Lezioni condivise 79 – Rapporti tra lingua e cultura
31 Lug 2013 @ 11:59 PM
Aveva ragione Fernand Braudel a lamentare la scarsità di filosofi, direi di gente che pensa; qualità che non sarebbe male possedessero i politici, che razzolano un po’ come galline in confusione e hanno come unico scopo l’essere appunto politici, per loro quel che accade intorno è illogico, secondario… Ma loro sono “eletti” per cui non possiamo chiedere troppo. Potremmo però chiederlo almeno ai certi giornalisti dell’era berlusconiana, che per lavorare nel servizio pubblico possiedano almeno una laurea a pieni voti in filosofia, così, giusto per pensare con la propria testa e non con le emanazioni provenienti da palazzo Grazioli, modesta seconda casa, cui si prostrano ormai palesemente.
Pensavo a Braudel per ragioni meno basse, soprattutto riflettevo sulla fortuna che ho avuto a studiarlo. Si potrebbe dire che l’argomento che sto per trattare non rientri nel suo campo, non è così! Egli, in modo più concreto che teorico, è un rappresentante illustrissimo dell’interdisciplinarietà, concreto perché la mostra con la sua opera più che teorizzarla, per cui noi in essa leggiamo già palesemente, ciò che una teorizzazione relegherebbe nella vecchia concezione scientifica.

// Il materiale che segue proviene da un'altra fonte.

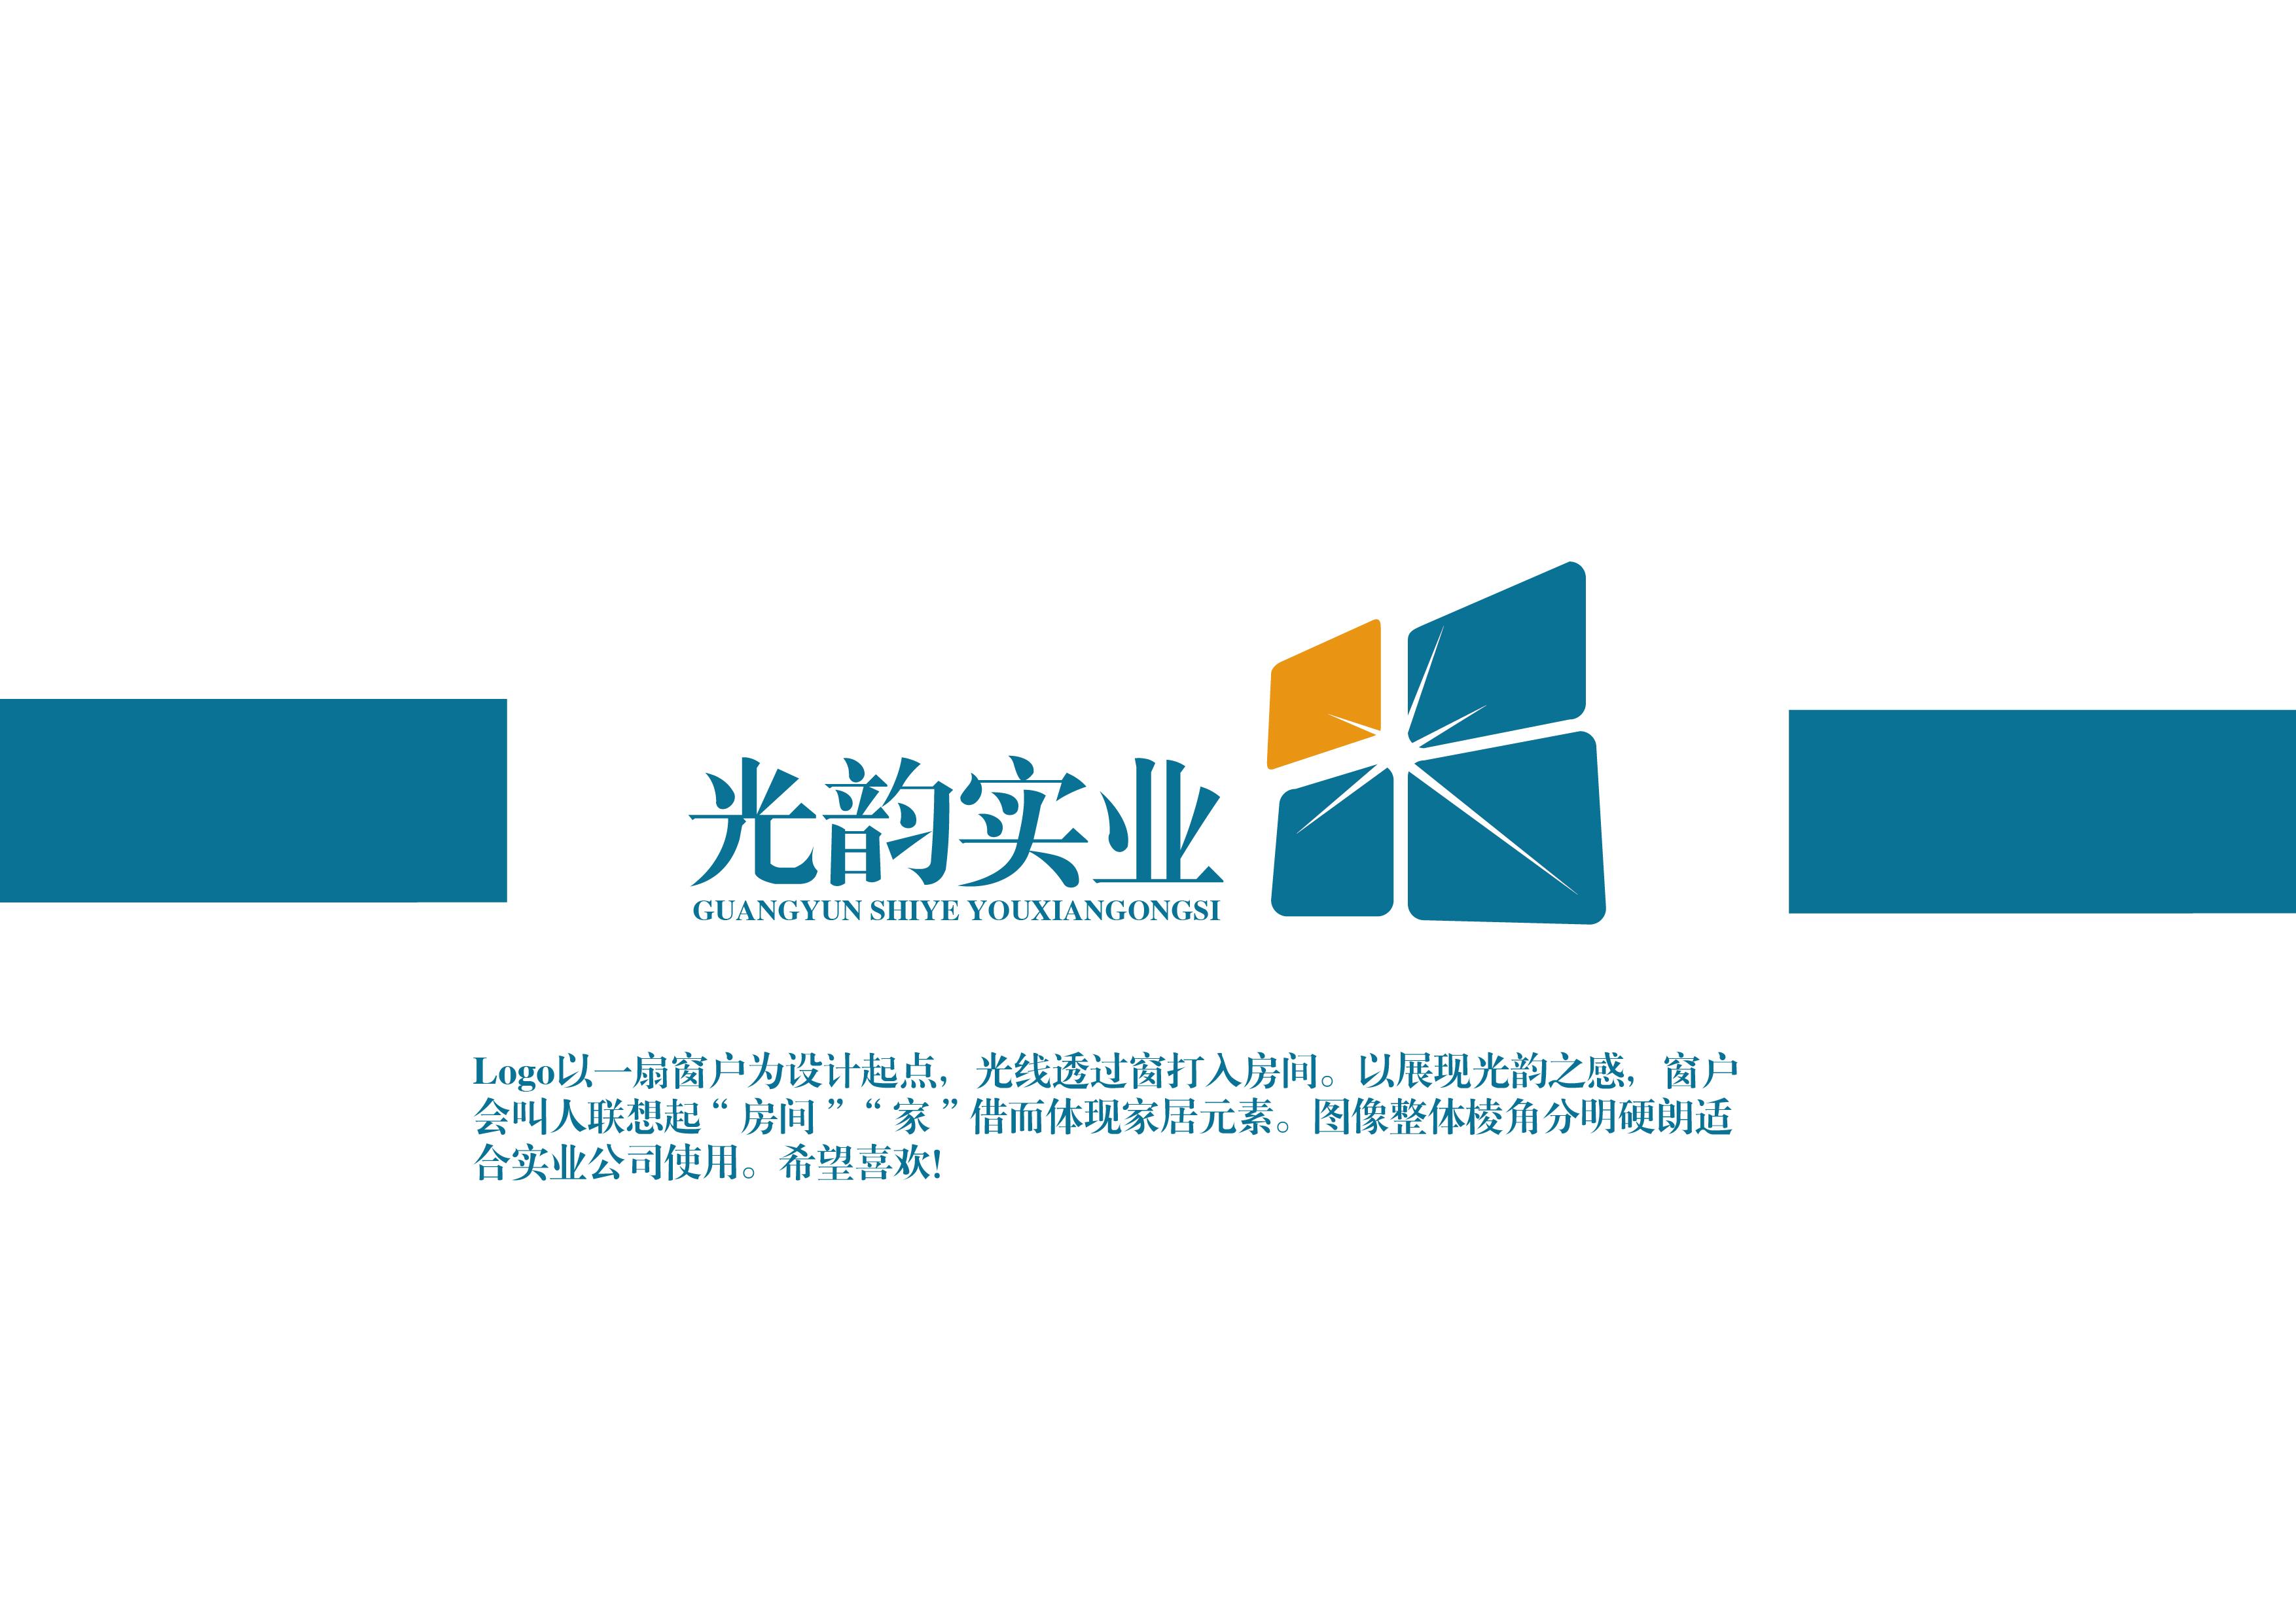 实业公司logo设计【综合因素只看有传图的】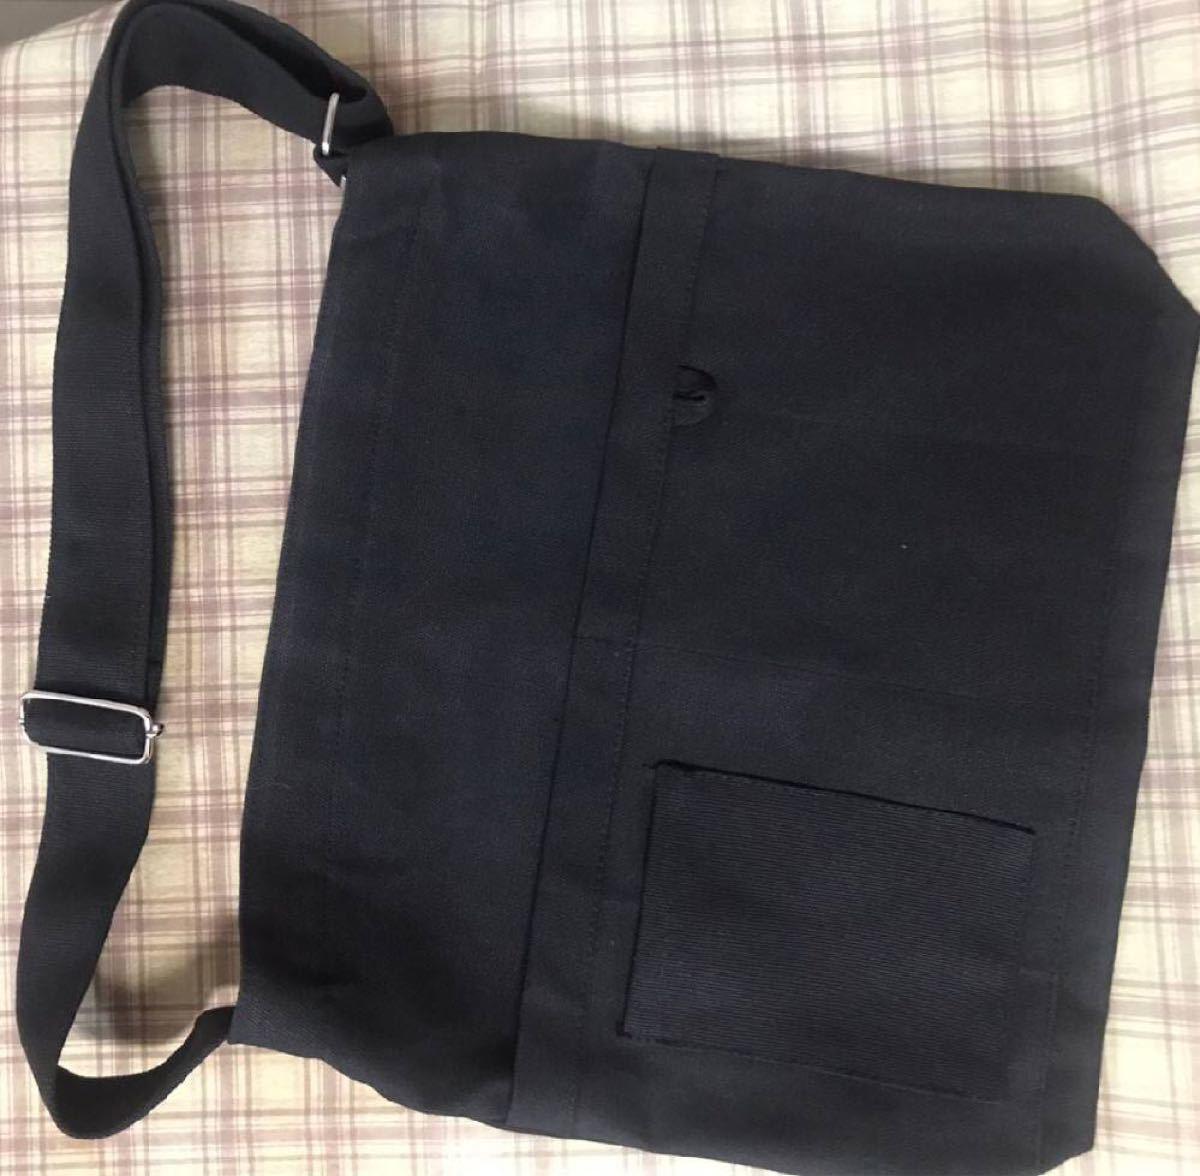 トートバッグ ショルダーバッグ レディースバッグ キャンバスバッグ ブラック マザーズバッグ

Per questo a Braudel bastano poche parole: “…La vita è un tutto unico, che anche la storia deve esserlo e che non bisogna perdere di vista in nessuna occasione, neppure per un attimo, l’intrecciarsi infinito delle cause e delle conseguenze”.
La storia non sono solo fatti estrapolati dalla vita degli stati, ma è soprattutto la vita generale, momento per momento. Cosa che approfondita porta ad un progresso del marxismo, eliminando la tipologia classista, elitaria, per un’autogestione totale dell’umanità, non più sottomessa a elite di alcun tipo. “Se vogliamo studiare i fatti sociali, così complessi nel loro insieme, non serviamoci dunque di un sola fonte di luce”. La società non vista da una sola fonte o scienza, ma da tutte le scienze insieme. “Il nostro intento, invece è accendere tutte le luci contemporaneamente” (citazioni da F. Braudel, Storia, misura del mondo, Il Mulino, Bologna, 1998).
La linguistica è dunque funzionale alla storia e la storia alla linguistica e a tutto il resto, essa con le altre scienze contribuisce a illuminare la conoscenza.
Quanto accade per la formazione delle persone avviene anche per la lingua, che varia in base alle culture con le quali interferisce ed esse si esprimono attraverso la lingua locale, sia essa alloglotta, dialetto o vernacolo. Questo principio sostanziale è soggetto tuttavia a molte variabili, pensiamo all’imposizione di un dominio, di una cultura e di una lingua, dunque alle vicende storiche più disparate di alcuni popoli; ci sono situazioni estreme in cui delle lingue si sono estinte nel silenzio o nell’impotenza, nella negligenza o nell’ignoranza.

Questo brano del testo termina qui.